Thank you, Dad for all that you did for me.

A Moment to Remember

Below is something I wrote as a weekly devotional around Mother's Day and it is what prompted my brother to suggest that I should start writing a blog.


It was May of 2001. I couldn’t decide what to get Mom that year. I’d been browsing the store for about an hour when I looked up and saw the sign: “Make this a Mother’s Day she’ll always remember.”

“That’d be a trick,” I thought.

I don’t recall what the sign was trying to sell me, but it didn’t matter. Mom had Alzheimer’s and I could have given her a tiara atop a ham sandwich and she wouldn’t remember it the next day—maybe not even later that same day—never mind forever. I walked out of the store empty-handed.

On the way back to Mom’s house, I turned on the radio to listen to Jack Buck tell me how my Cardinals were faring that day. As I listened, I reminisced about being in the car with Mom some 16 years earlier when during Game 5 of the 1985 National League Championship Series, Ozzie Smith homered to win it in the 9th inning and Jack instructed us to “Go crazy, folks!” We did. Baseball was one thing my mother and I had in common.

That’s when it occurred to me: I may not be able to give Mom a day she’d always remember, but I could give her a day she would enjoy. I could give her a moment. She and I had never been to a Cardinals game together.

On Mother’s Day I loaded up Mom and Dane and we made the two-hour trek to Busch Stadium. Mom must have asked at least 15 times on the way there, “Now, where are we going?” And at least 14 times on the way there, I questioned my own sanity for coming up with this idea.

It turned out to be a little logistically challenging to maneuver Dane through all the secret wheelchair passageways as the guard escorted us and all the while trying to keep Mom from wandering away. But, we eventually made our way to our seats.

I don’t remember all the details of the game. I remember that the Cardinals won. I remember that each time J.D. Drew came to the plate and the fans yelled, “Drrreeeeeeeewwwww,” Mom would ask, “Why are they booing that poor boy?” I remember Mom singing “Take Me Out to the Ballgame” along with the crowd. I remember her smiling. I remember thinking, “this is a Mother’s Day I’ll always remember.”

A few months later, we went back to Busch Stadium for Mom’s birthday. Many times on the way there, Mom asked, “Now, where are we going?” Each time I replied as though it was the first time she asked, “We’re going to a Cardinals game, Mom.” To which she usually responded with a simple, “oh.” Except once when she asked, “Didn’t we do this not too long ago?”

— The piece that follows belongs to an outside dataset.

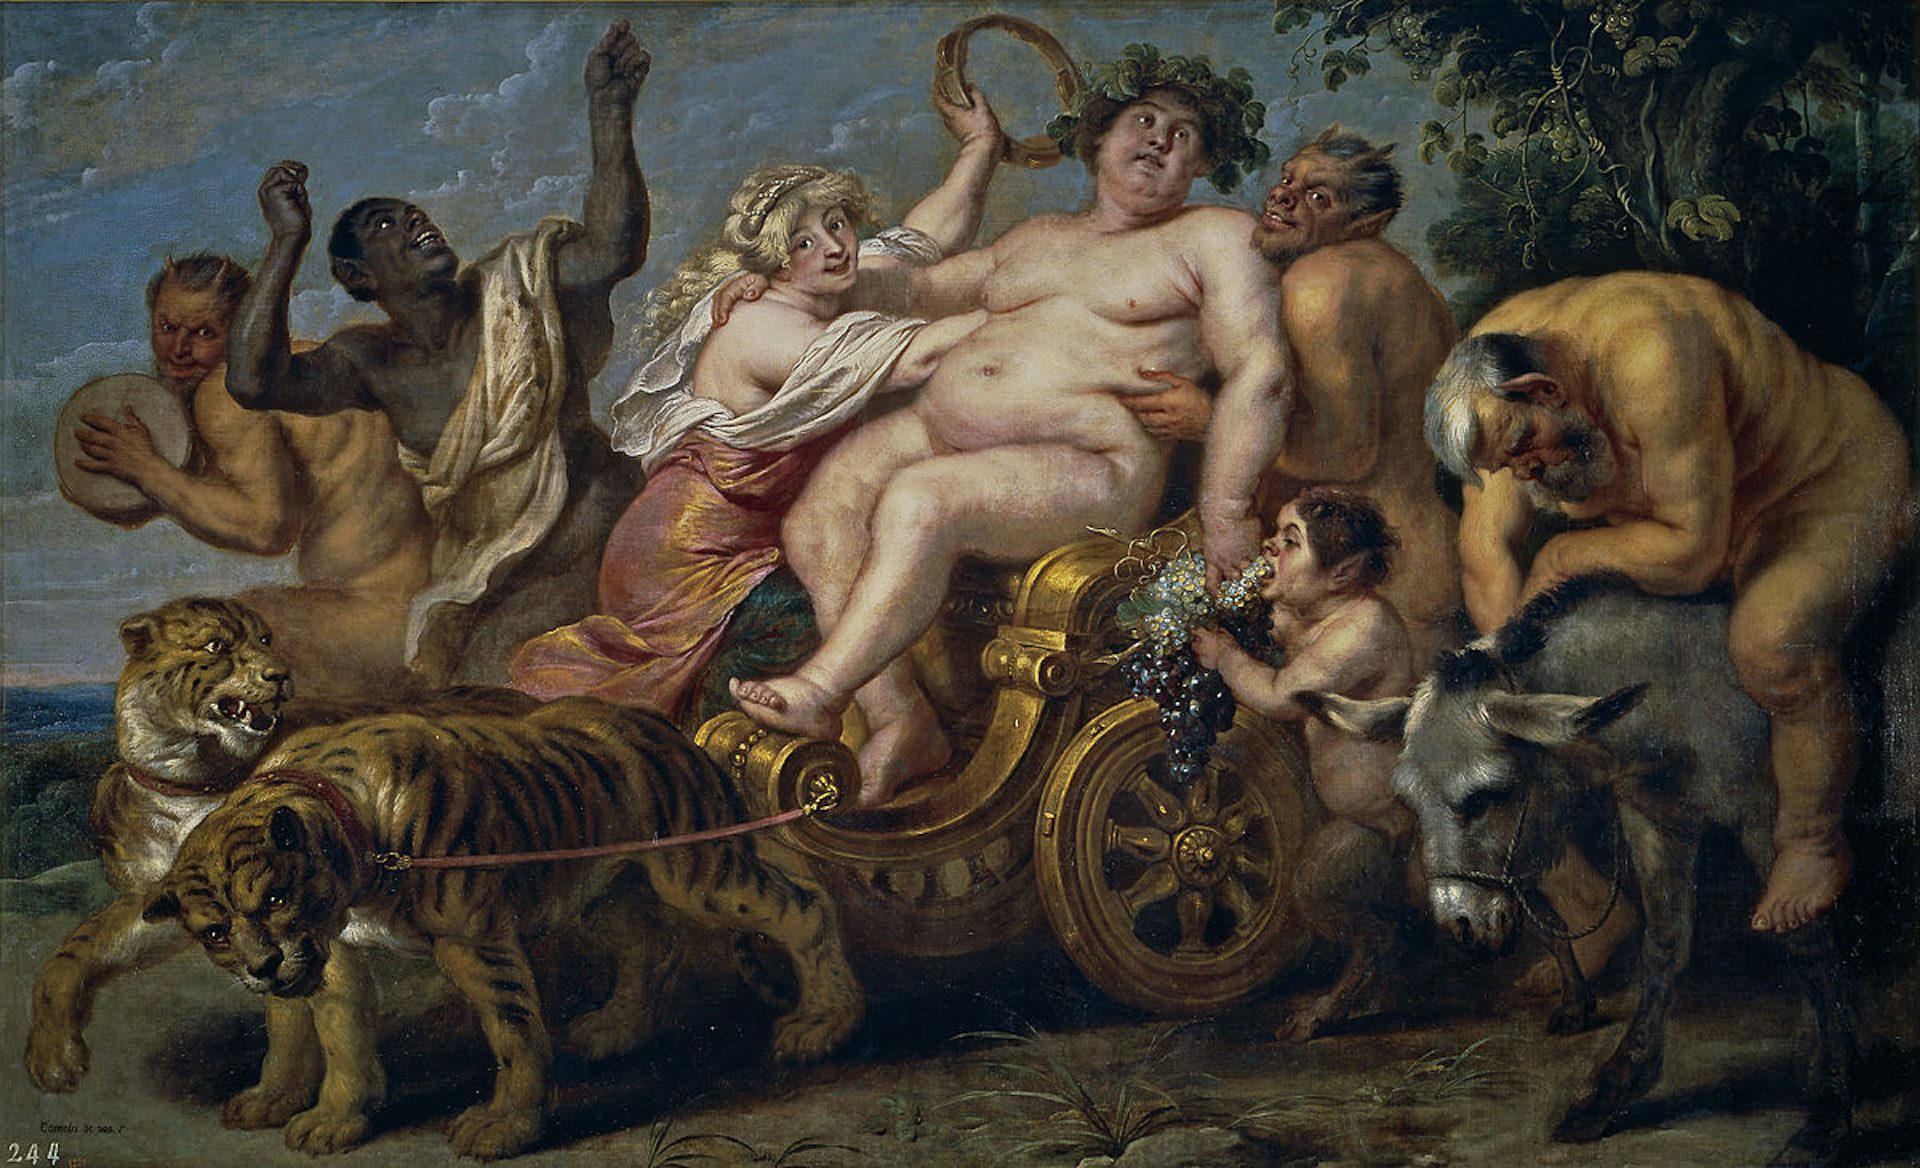 The Triumph of Bacchus by Cornelis de Vos (seventeenth century).

So, while Mother’s Day 2001 wasn’t “a day she’d always remember,” some little piece of it stayed in her memory far longer than I thought it would.


Thank you, God, for life’s moments—moments shared with family, friends, or strangers and moments experienced in solitude. Help open our eyes to these moments as they occur so we might appreciate their simplicity and joy amidst the chaos of a complicated world. Amen.